OBJECTIVE: To investigate the effects of hucMSC-Exo on the functions of primary vaginal fibroblasts and to elucidate the underlying mechanism involved.
METHODS: Human vaginal wall collagen content was assessed by Masson\'s trichrome and Sirius blue staining. Gene expression differences in fibroblasts from patients with and without POP were assessed via RNA sequencing (RNA-seq). The effects of hucMSC-Exo on fibroblasts were determined via functional experiments in vitro. RNA-seq data from fibroblasts exposed to hucMSC-Exo and microRNA (miRNA) sequencing data from hucMSC-Exo were jointly analyzed to identify effective molecules.
RESULTS: In POP, the vaginal wall exhibited abnormal collagen distribution and reduced fibroblast 1 quality and quantity. Treatment with 4 or 6 μg/mL hucMSC-Exo suppressed inflammation in POP group fibroblasts, stimulated primary fibroblast growth, and elevated collagen I (Col1) production in vitro. High-throughput RNA-seq of fibroblasts treated with hucMSC-Exo and miRNA sequencing of hucMSC-Exo revealed that abundant exosomal miRNAs downregulated matrix metalloproteinase 11 (MMP11) expression.

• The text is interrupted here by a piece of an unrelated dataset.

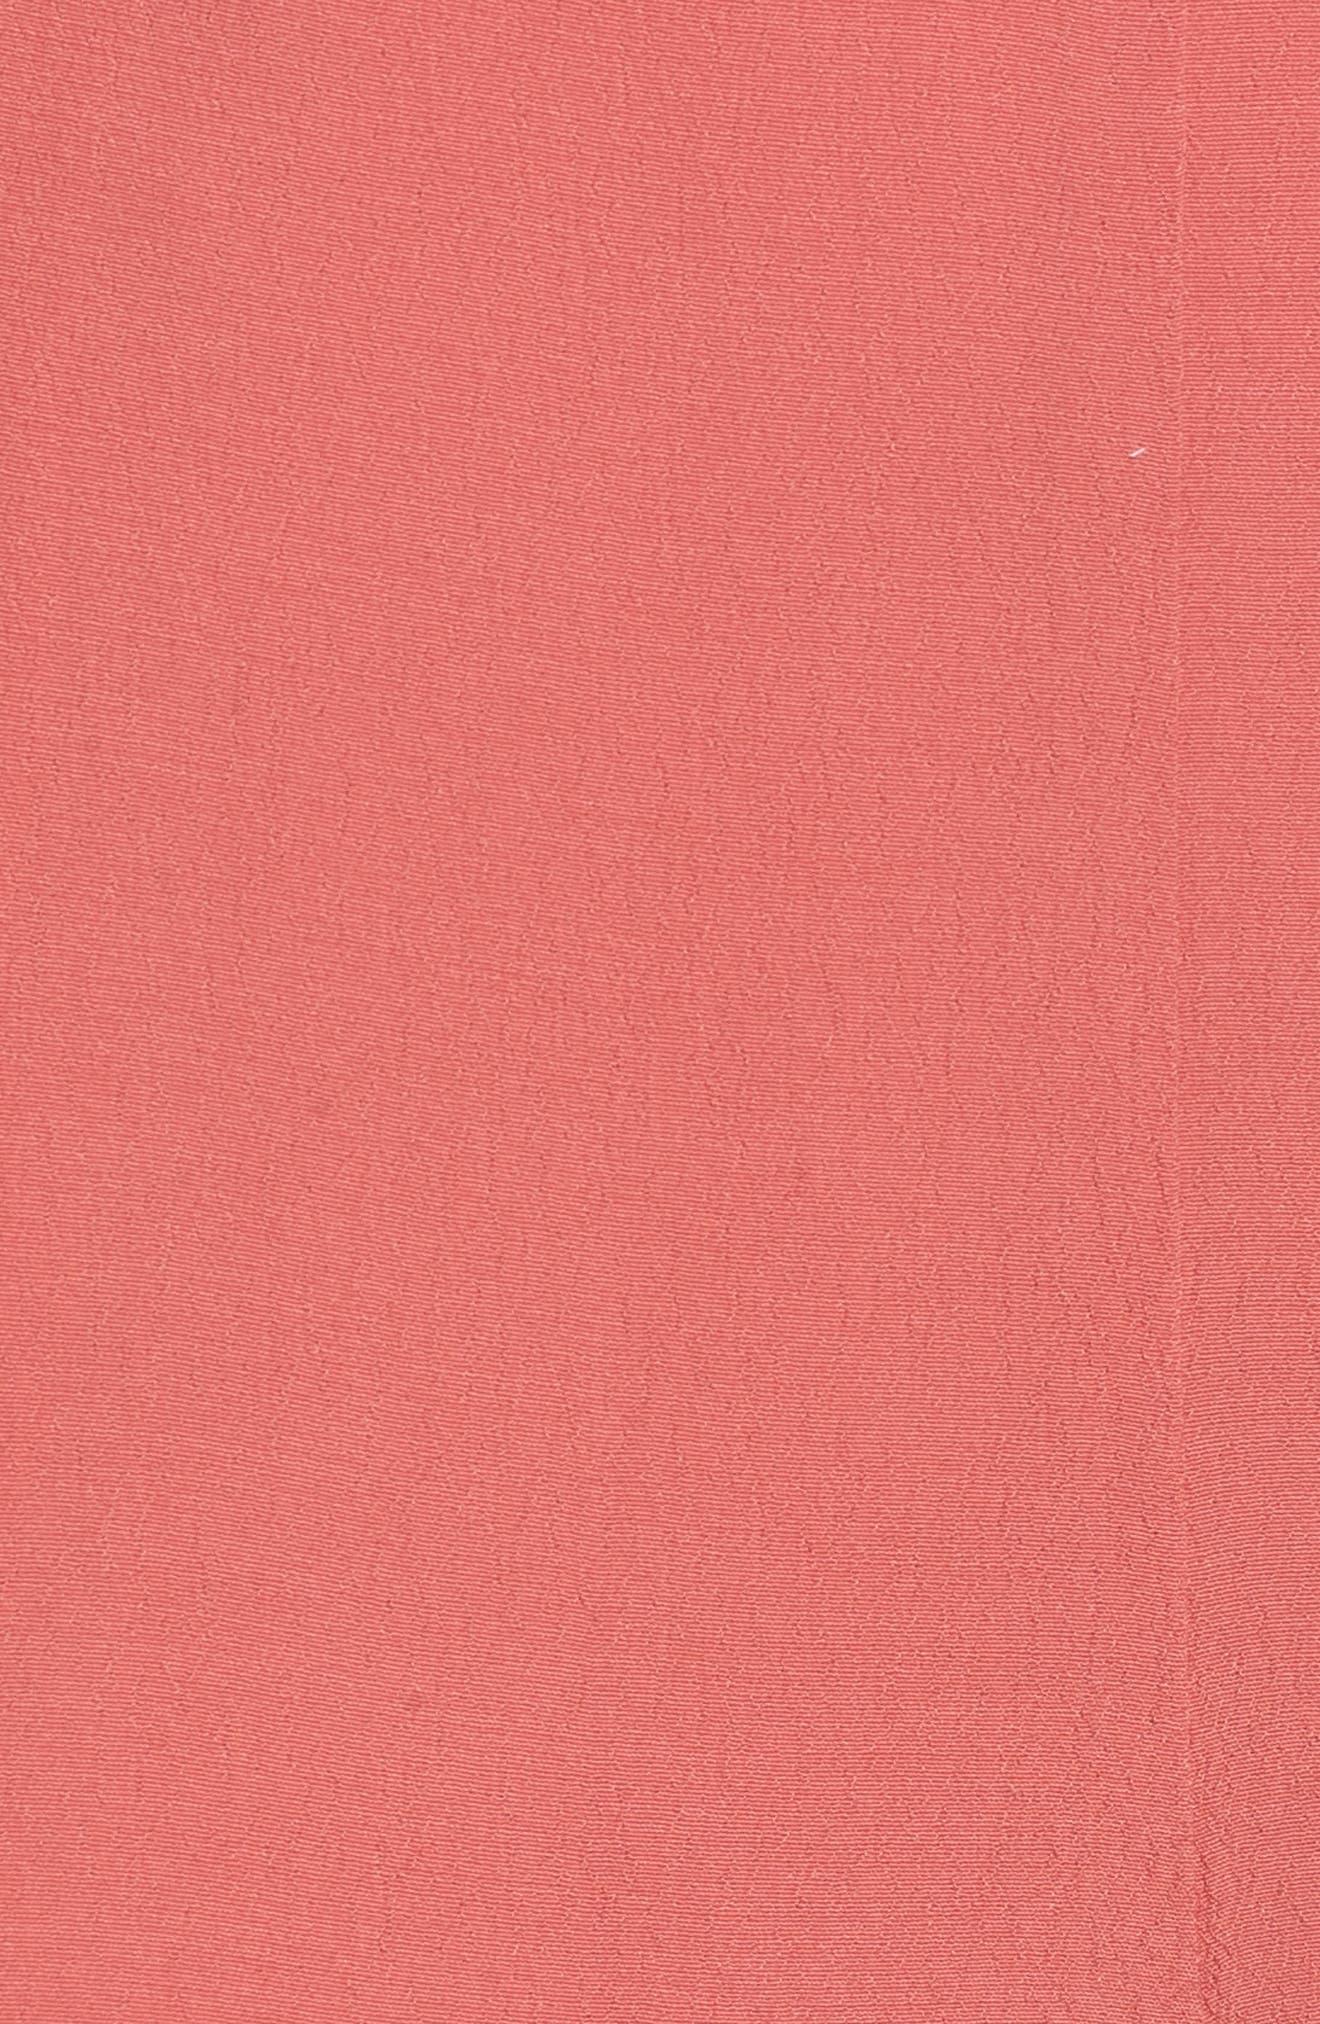 High Waist Crop Wide Leg Pants,                             Alternate thumbnail 6, color,                             Coral Faded
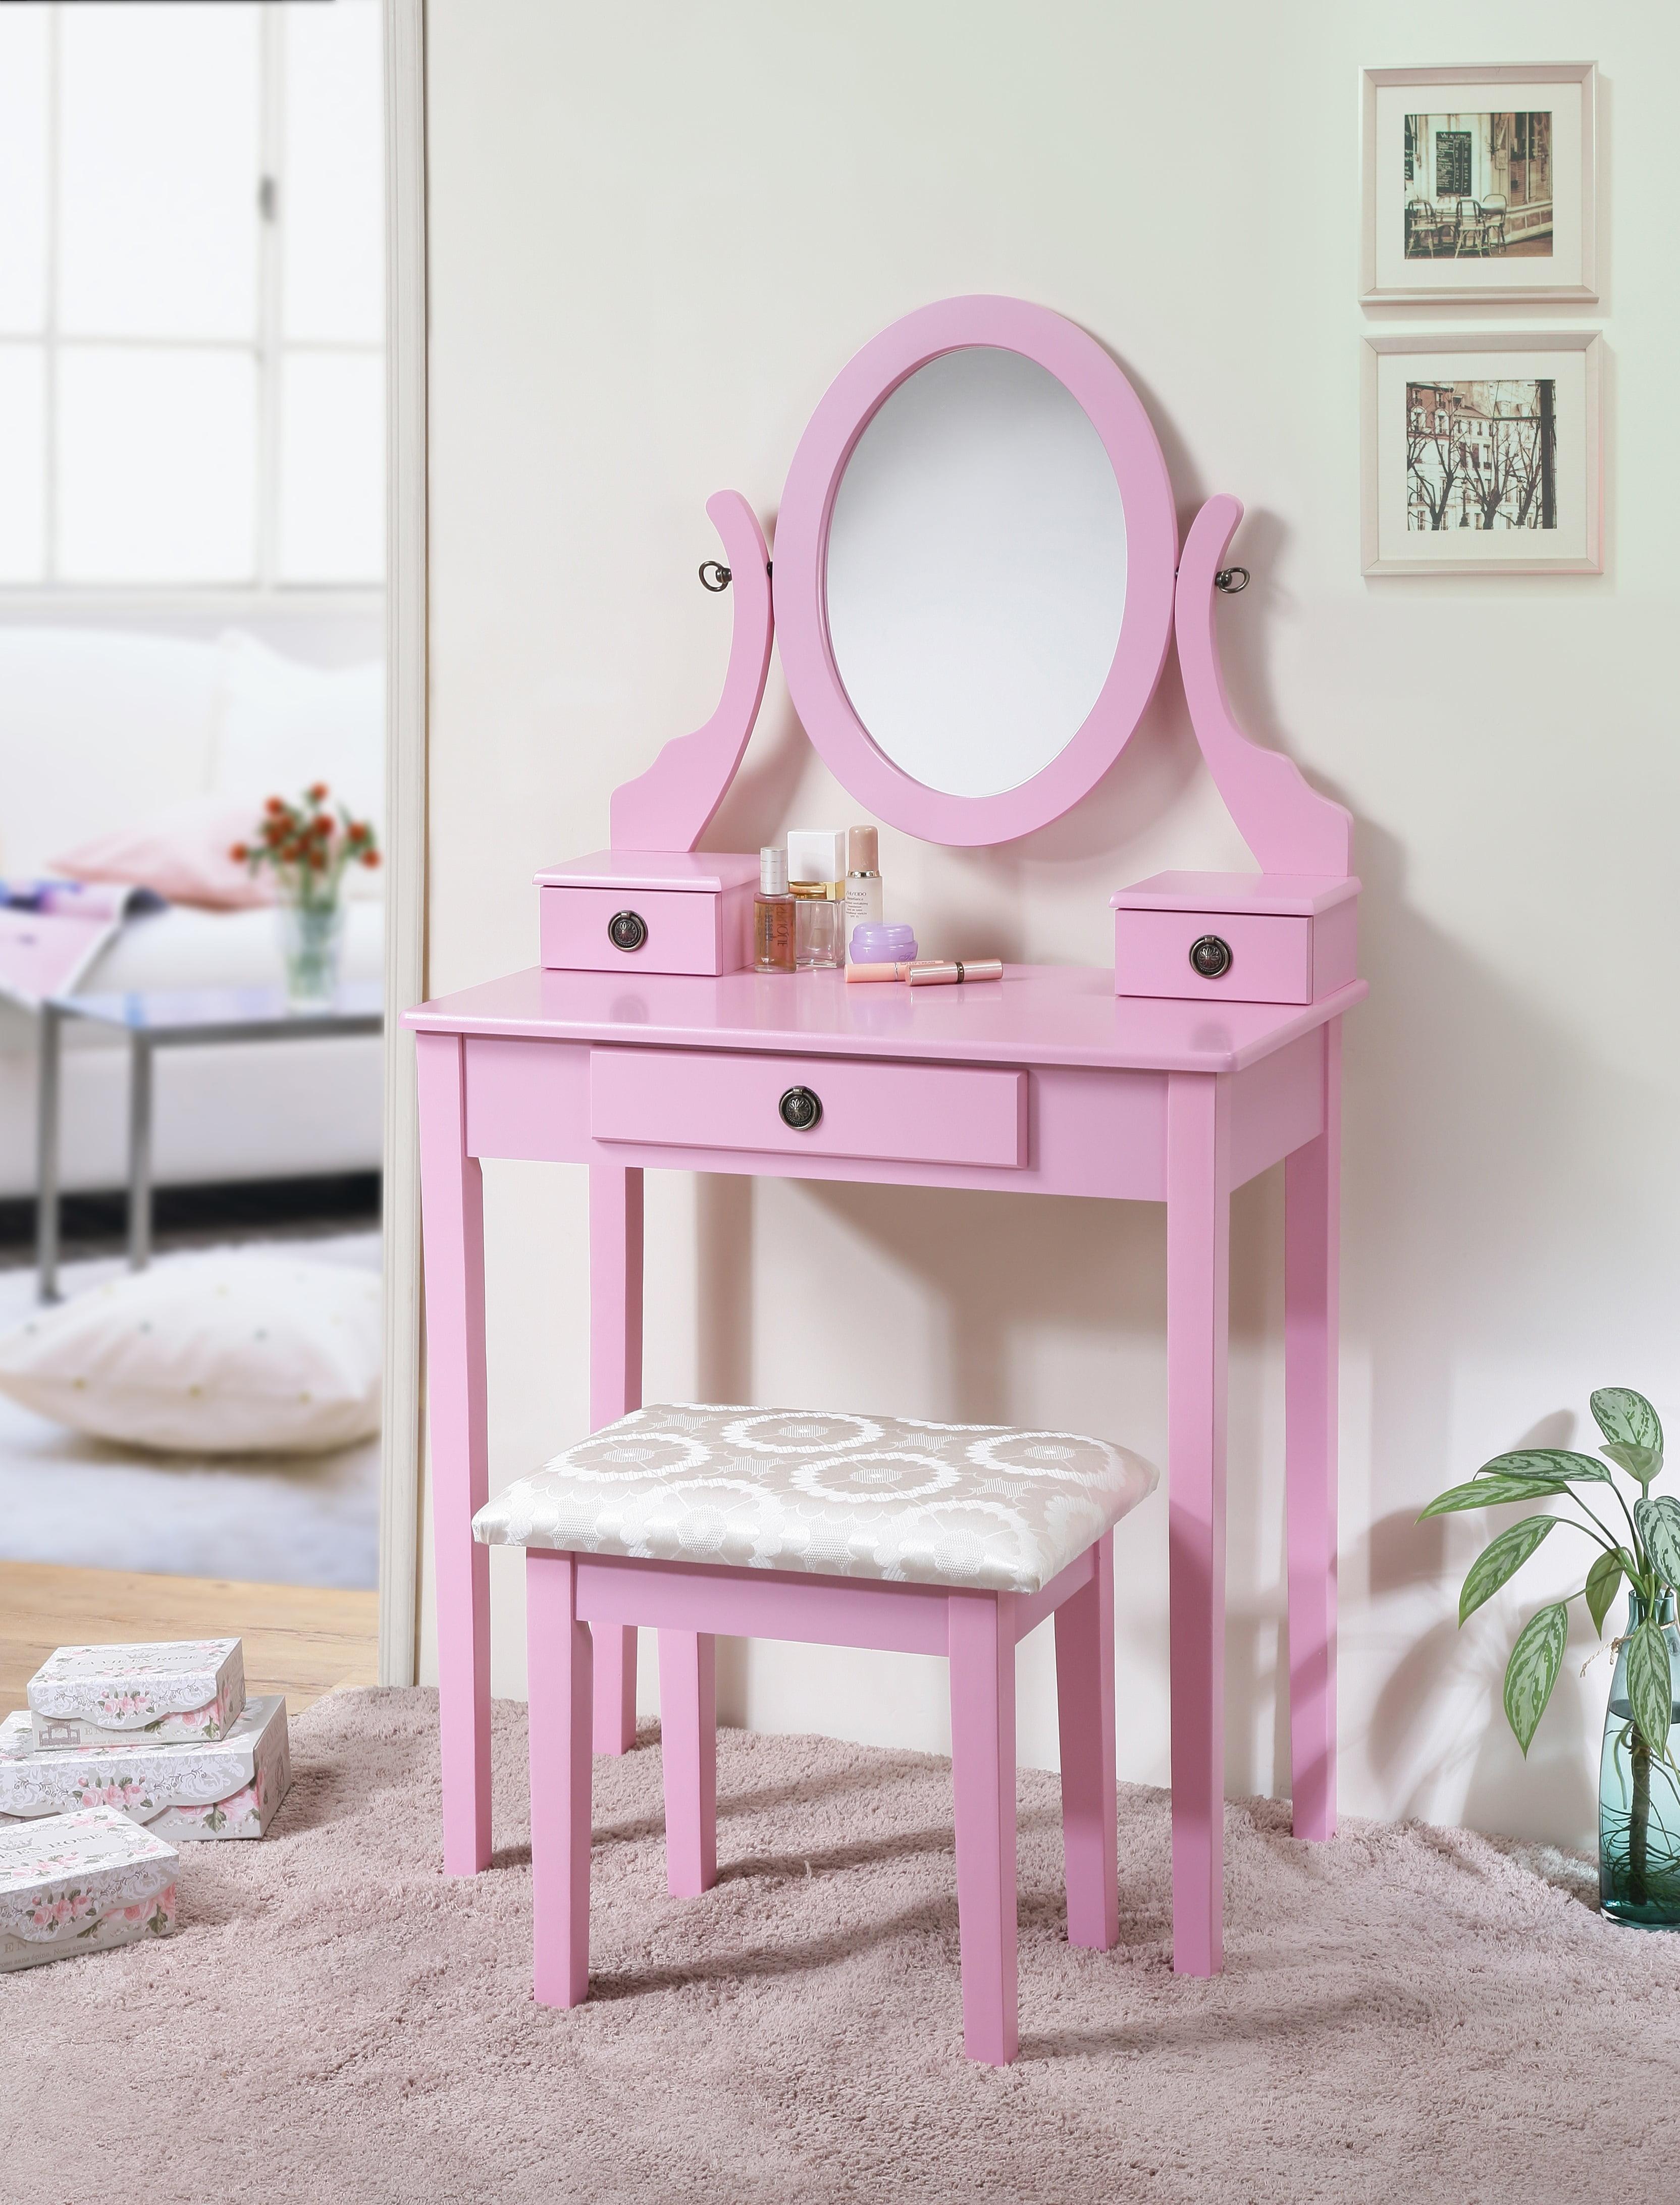 Roundhill Furniture Moniya White Wood Vanity Table and Stool Set by RHF

CONCLUSIONS: HucMSC-Exo normalized the growth and function of primary fibroblasts from patients with POP by promoting cell growth and Col1 expression in vitro. Abundant miRNAs in hucMSC-Exo targeted and downregulated MMP11 expression. HucMSC-Exo-based therapy may be ideal for safely and effectively treating POP.
目的:探讨hucMSC-Exo对原代阴道成纤维细胞功能的影响及其机制。
方法:通过Masson三色和天狼星蓝染色评估人阴道壁胶原含量。通过RNA测序(RNA-seq)评估来自具有和不具有POP的患者的成纤维细胞中的基因表达差异。通过体外功能实验确定hucMSC-Exo对成纤维细胞的作用。联合分析来自暴露于hucMSC-Exo的成纤维细胞的RNA-seq数据和来自hucMSC-Exo的microRNA(miRNA)测序数据以鉴定有效分子。
结果:在POP中,阴道壁胶原分布异常,成纤维细胞1质量和数量降低。用4或6μg/mLhucMSC-Exo抑制POP组成纤维细胞的炎症,刺激原代成纤维细胞生长,和升高的胶原蛋白I(Col1)的体外生产。用hucMSC-Exo处理的成纤维细胞的高通量RNA-seq和hucMSC-Exo的miRNA测序显示,丰富的外泌体miRNA下调基质金属蛋白酶11(MMP11)的表达。
结论:HucMSC-Exo在体外通过促进细胞生长和Col1表达使POP患者原代成纤维细胞的生长和功能正常化。hucMSC-Exo中丰富的miRNA靶向并下调MMP11表达。基于HucMSC-Exo的治疗对于安全有效地治疗POP可能是理想的。